The processing is different, too. The Jeopardy system was trained to answer quiz show questions, where the answers are pretty much black and white. Feed Watson a copy of the Bible, and it’s pretty much good to go on Bible trivia questions. In business and medicine, there are a lot of different sources, and some of them are considered more important than others.
So IBM is working with doctors to ensure that it has the right data sources and that the different sources its using — medical journals, papers and textbooks — are given each given the proper weight.
“We don’t want to come back with a single answer,” says Gondek. “We want to come back with a set of answers and our justification behind them.
“Watson will give you the confidence and say: ‘I”m 90 percent sure of this, or I’m only 10 percent sure of this.’ You can immediately see how that is useful in medicine or in finance. The other thing we can do is we can tell the user why is this answer here. What kinds of evidence do we use, what facts did we use, what were we sure about, and what were we not sure about? And were the documents we used from very reliable sources or from less-reliable sources.”
That kind of context is hard to get nowadays using internet sources. Last summer, when Gondek was exploring the idea of using Watson for medical diagnoses, he ran into a San Diego doctor at a health conference in California. “He said nowadays when he is dealing with patients, he spends the first 10 minutes talking to them about all the diagnoses they found by doing searches,” he says. “It’s just human nature. They will focus in on the most severe or life-threatening one. They will have a few mild systems and will decide that they have some horrible cancer. And so he has to talk them down.”
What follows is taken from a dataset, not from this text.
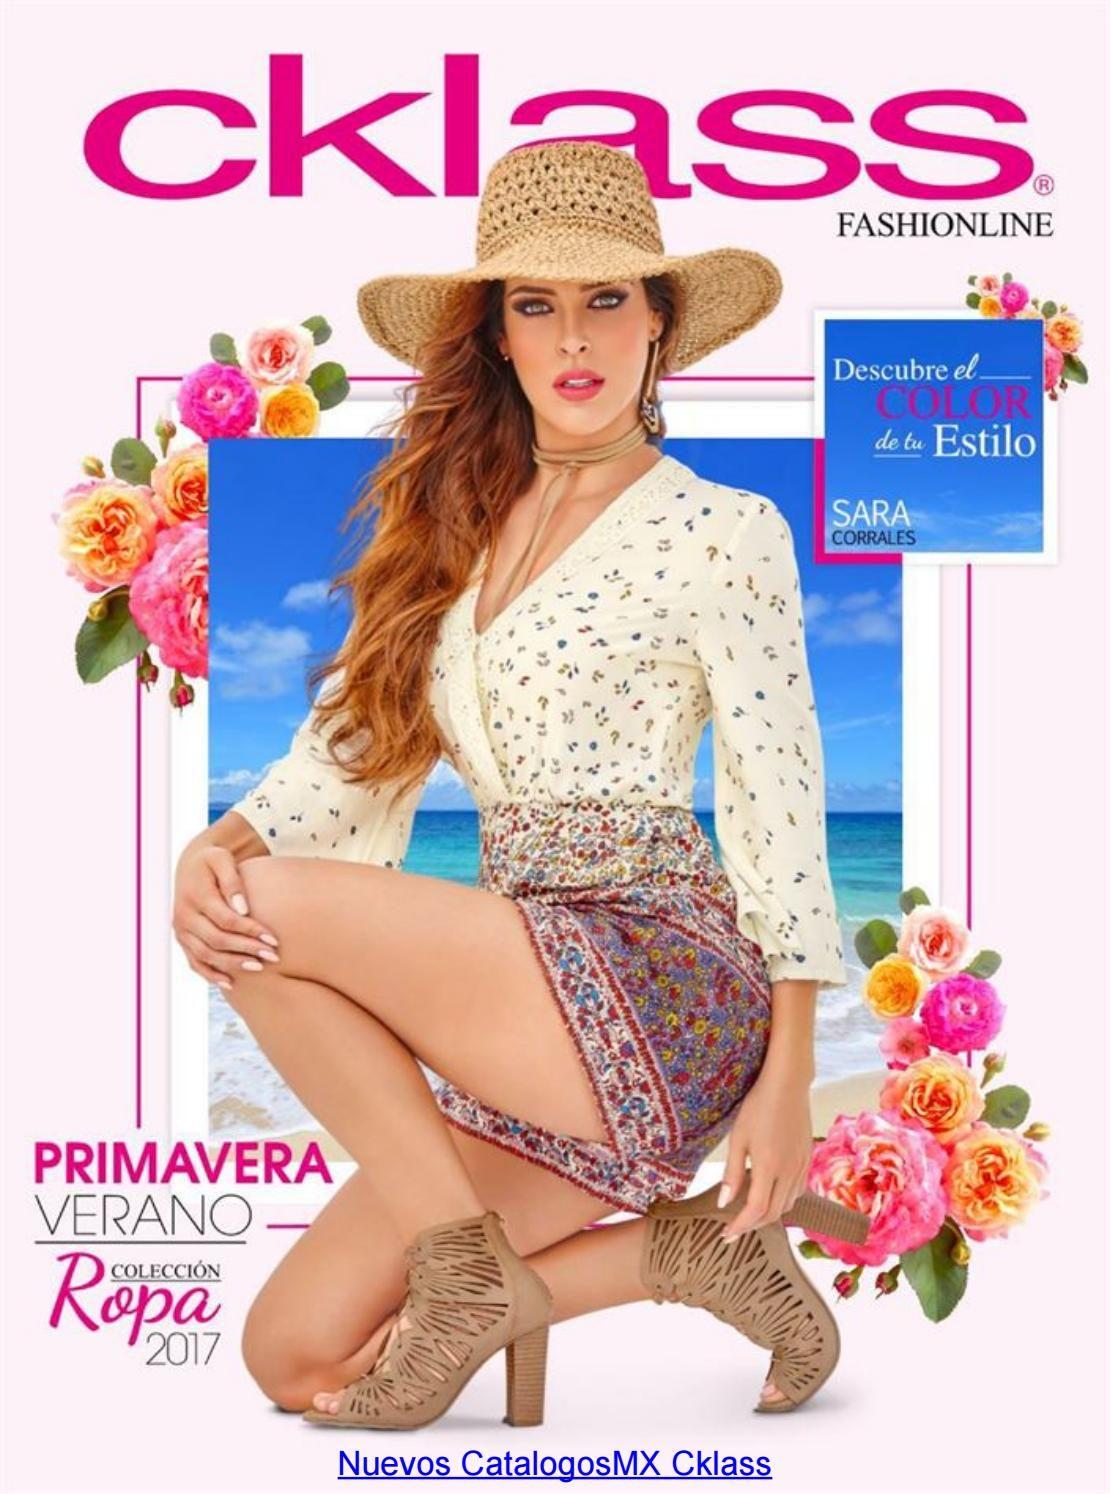 160022fe47f23 Colección dama cklass fashionliine pv 2017. Ver mas catalogos digitales de  México en www.catalogosmx.moda

Gondek’s dream is that Watson could somehow help doctors and patients get a better context on their healthcare — and help financial service customers get the same kind of weighted context on their investments. “What if something like Watson could get you more involved with your health?”
Emergency Medicine Resident Physician Iltifat Husain believes that Watson could never replace a doctor, but he says that it could be turned into a useful medical triage system, where patients tell Watson their symptoms and it figures out whether they need to come into the hospital for treatment.
There’s a lot that Watson isn’t going to be able to do, no matter how hard it crams, says Husain, who works at the Wake Forest University School of Medicine in Winston-Salem, North Carolina. He’s taking about the very human act of getting a read on a patient: How does their voice change when describing symptoms? How do they sit? What do their eyes say? “One of the first things I learned about medicine once I actually started practicing as a physician was medical texts only provide you with 50 percent of the education you need,” he says. “The rest you learn on the job.”
WellPoint says its medical learning application is still a year away. In the meantime, Gondek and the IBM researchers are putting Watson through its own machine learning bootcamp.
“It’s a little like sending Watson to medical school. We don’t just push a button and instantly Watson can offer medical advice,” Gondek says. “We need experts to show us what’s important in the domain. We need experts to come up with test scenarios that Watson can learn from.”